I am starting Loyalty in Death next-ish, which on my list is numbered as 10. I include the novellas so I think my numbers are different. I'll have to see where Imitation in Death is on my list. Still a long way off in any case  

Ok, so its #19 on my list too. Its 17 on goodreads list. 

Looks like the pic has to tide me over for a while. Such hardship....


----------



## Cindy416 (May 2, 2009)

Atunah said:


> I am starting Loyalty in Death next-ish, which on my list is numbered as 10. I include the novellas so I think my numbers are different. I'll have to see where Imitation in Death is on my list. Still a long way off in any case
> 
> Ok, so its #19 on my list too. Its 17 on goodreads list.
> 
> Looks like the pic has to tide me over for a while. Such hardship....


It's apparently #19 when stories in anthologies are counted according to this website:

http://www.fictiondb.com/author/jd-robb~series~eve-dallas~3885.htm

I may have to either go back to full-time teaching (instead of retirement and half-time) or get another job just to be able to afford all of the offerings in the "In Death" series.


----------



## VictoriaP (Mar 1, 2009)

Just saw this one yesterday and had to share. SO ready for the next book now that Shadowfever is out of the way!


----------



## VictoriaP (Mar 1, 2009)

Very large original here, wallpaper sized even!

Just a reminder...the final countdown to _Treachery in Death_ has begun! One week and 5 hours left until Roarke is back!



Spoiler



(Well, and Eve too. LOL!)



Even the beginning of Spring Training baseball hasn't been enough to sidetrack me from this impending release.

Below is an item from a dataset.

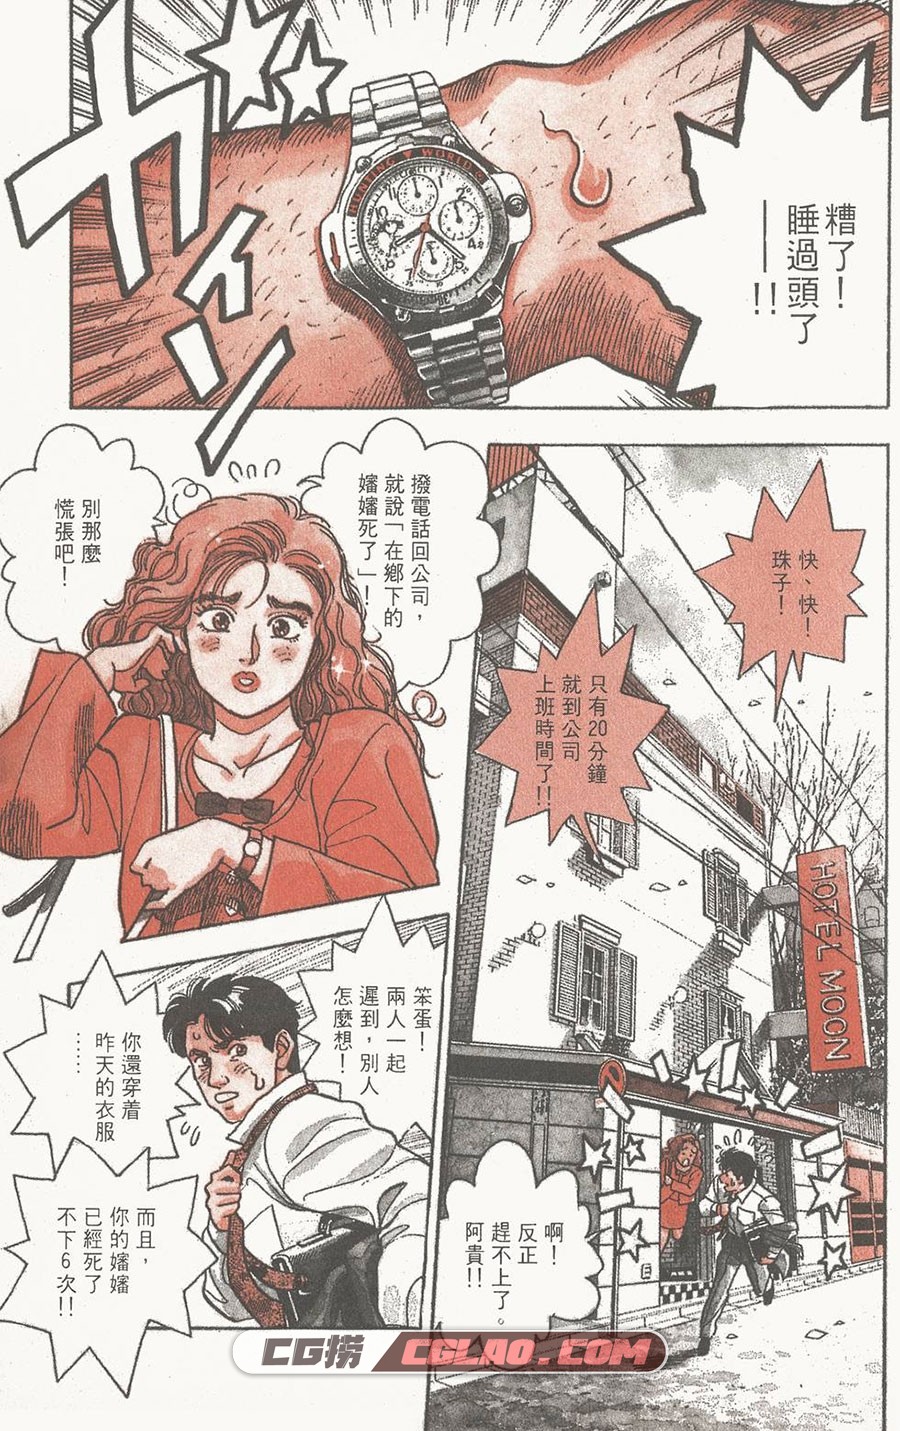 企业战士 富泽顺 1-12卷 漫画完结全集下载 百度网盘,0006.jpg

I'm really, really ready for this book.

Where's everyone at in the series now?


----------



## Cindy416 (May 2, 2009)

VictoriaP said:


> Very large original here, wallpaper sized even!
> 
> Just a reminder...the final countdown to _Treachery in Death_ has begun! One week and 5 hours left until Roarke is back!
> 
> ...


I'm only on the 4th book now, as I'm having to pace myself or I'd have to get a second job in order to afford the entire series all at once.


----------



## gina1230 (Nov 29, 2009)

I'm on Origin in Death, audio version.


----------



## VictoriaP (Mar 1, 2009)

Cindy416 said:


> I'm only on the 4th book now, as I'm having to pace myself or I'd have to get a second job in order to afford the entire series all at once.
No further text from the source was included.